@mattnigh/document-converter — Agent Skill

---
name: document-converter
description: Convert between Markdown, DOCX, and PDF formats bidirectionally. Handles text extraction from PDF/DOCX, markdown to document conversion. Use when converting document formats or extracting structured content from Word or PDF files.
allowed-tools: Bash, Read, Glob, Write
dependencies:
  - pandoc>=2.0
  - python3>=3.8
  - markitdown (optional, recommended)
  - pymupdf4llm (optional, recommended)
  - google-genai (optional, for enhanced PDF conversion)
  - pdf2docx (optional, for PDF to DOCX)
model: haiku-4.5
model-justification: Orchestrates external conversion tools with minimal AI reasoning required
fallback-model: sonnet-4.5
---

# Document Converter Skill

Convert documents bidirectionally between Markdown, DOCX, and PDF formats.

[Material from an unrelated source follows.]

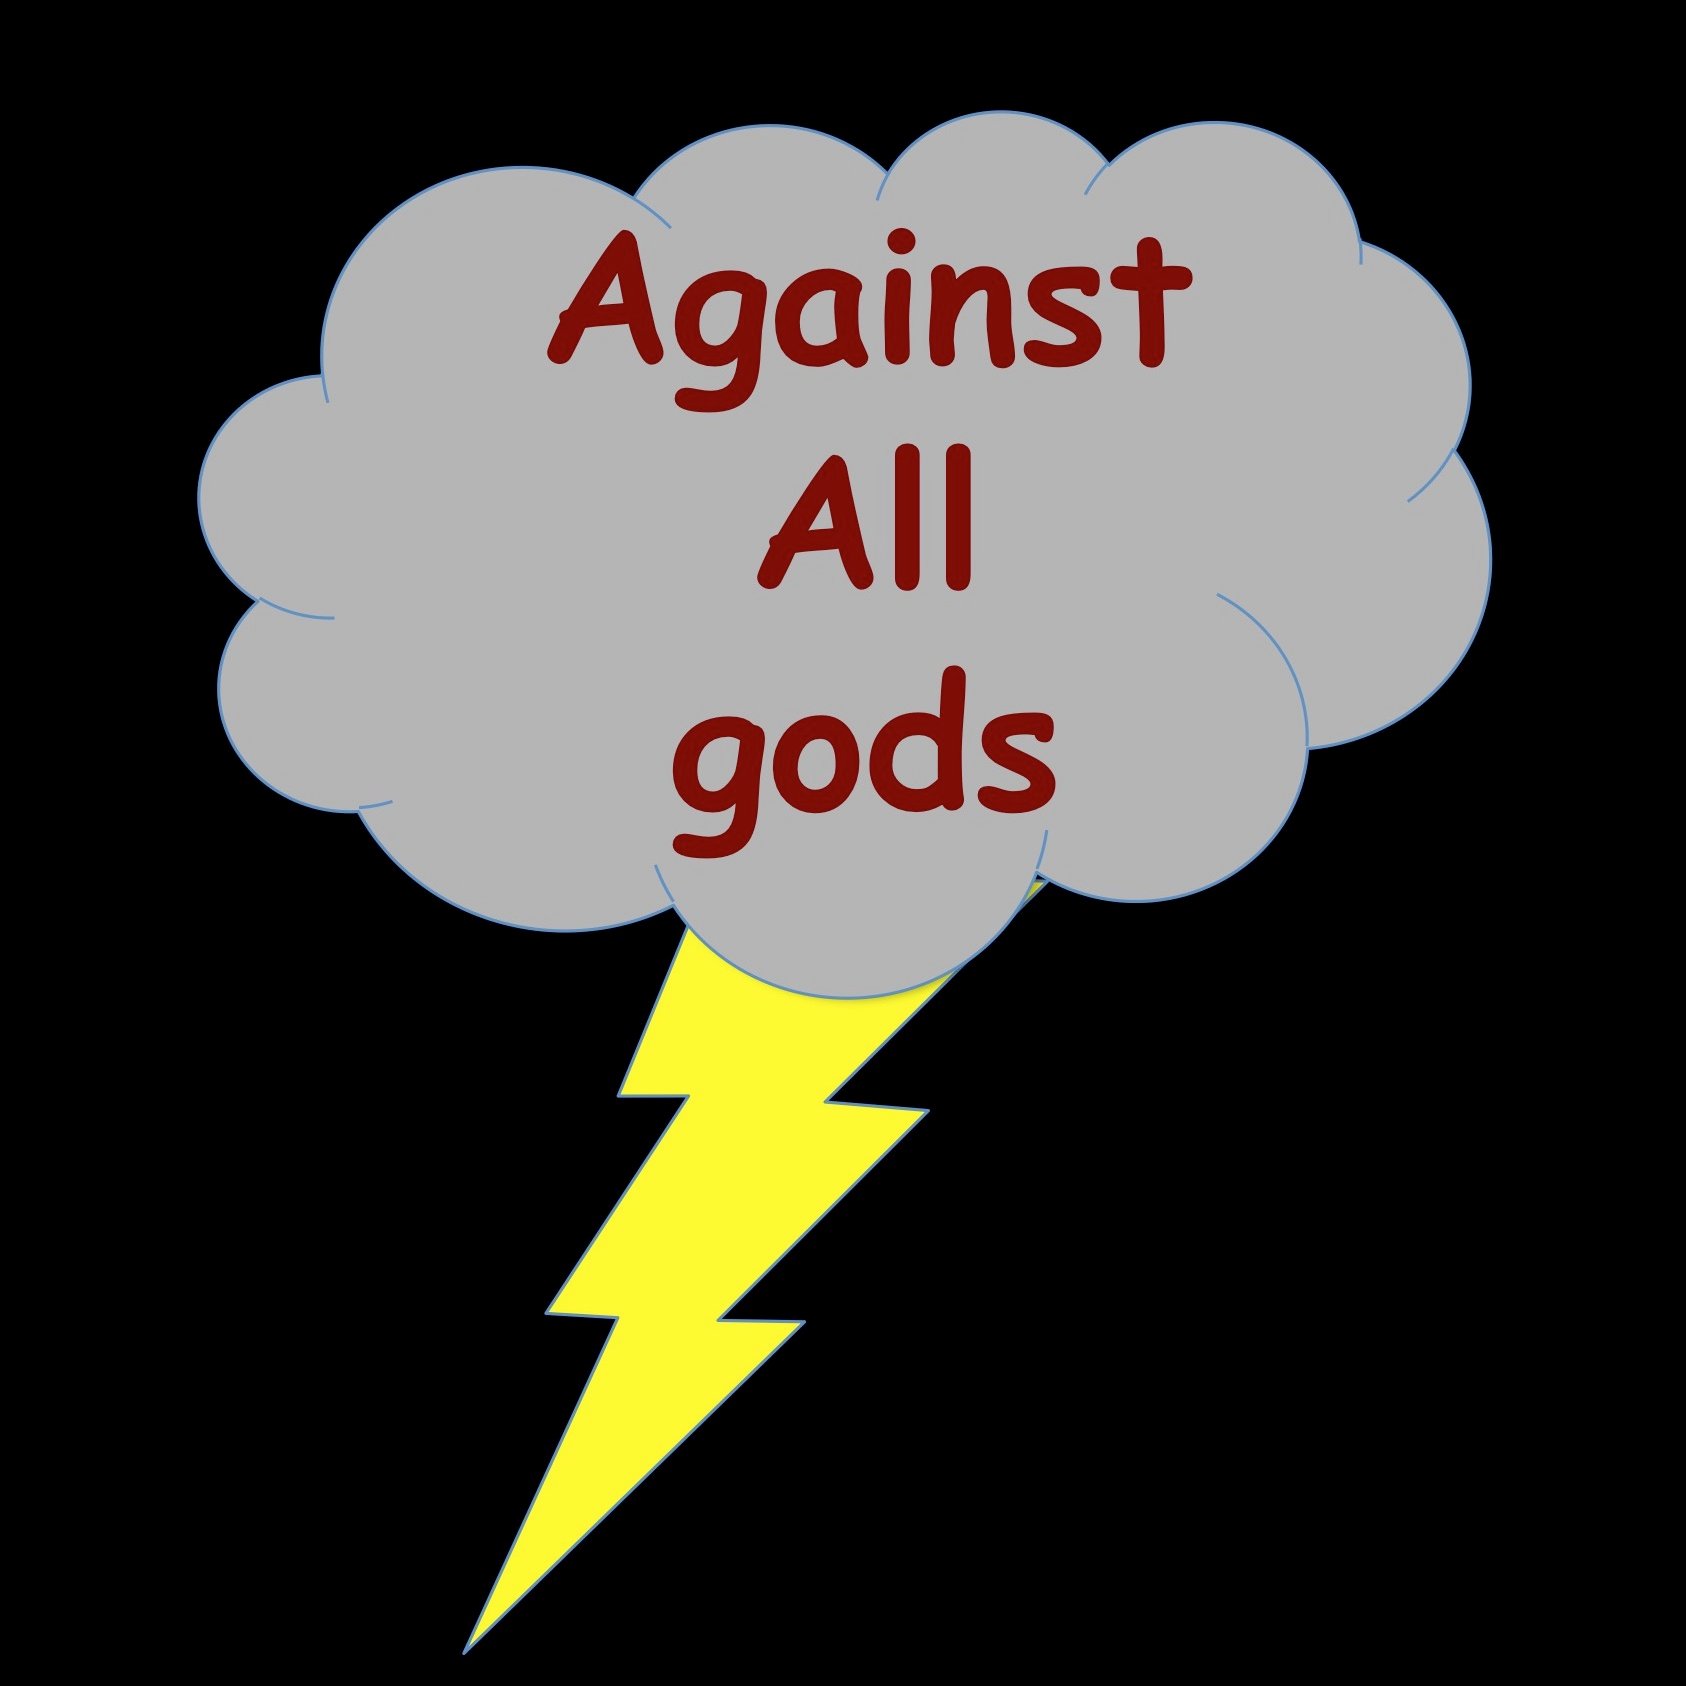 Ordained atheist!  Poking fun and serious criticism at religions and the gods men have created. Check out my website/blog at: https://t.co/su4e8GiE8P

This skill automatically detects optimal conversion tools, handles batch processing, and ensures quality output with appropriate fallback mechanisms.

## Core Capabilities

### Conversion Modes

The skill supports two conversion modes:

**Default Mode (API)**: When GEMINI_API_KEY is set, PDF-to-Markdown conversions use Google Gemini API for significantly improved quality (+20-30% fidelity). Other conversions use local tools.

**Offline Mode**: Use --no-api flag or set CONVERT_DOCS_OFFLINE=true to disable all API calls. All conversions use local tools only.

### Conversion Directions

**TO Markdown** (text extraction from documents):
- DOCX → Markdown (MarkItDown or Pandoc)
- PDF → Markdown (Gemini API, PyMuPDF4LLM, or MarkItDown)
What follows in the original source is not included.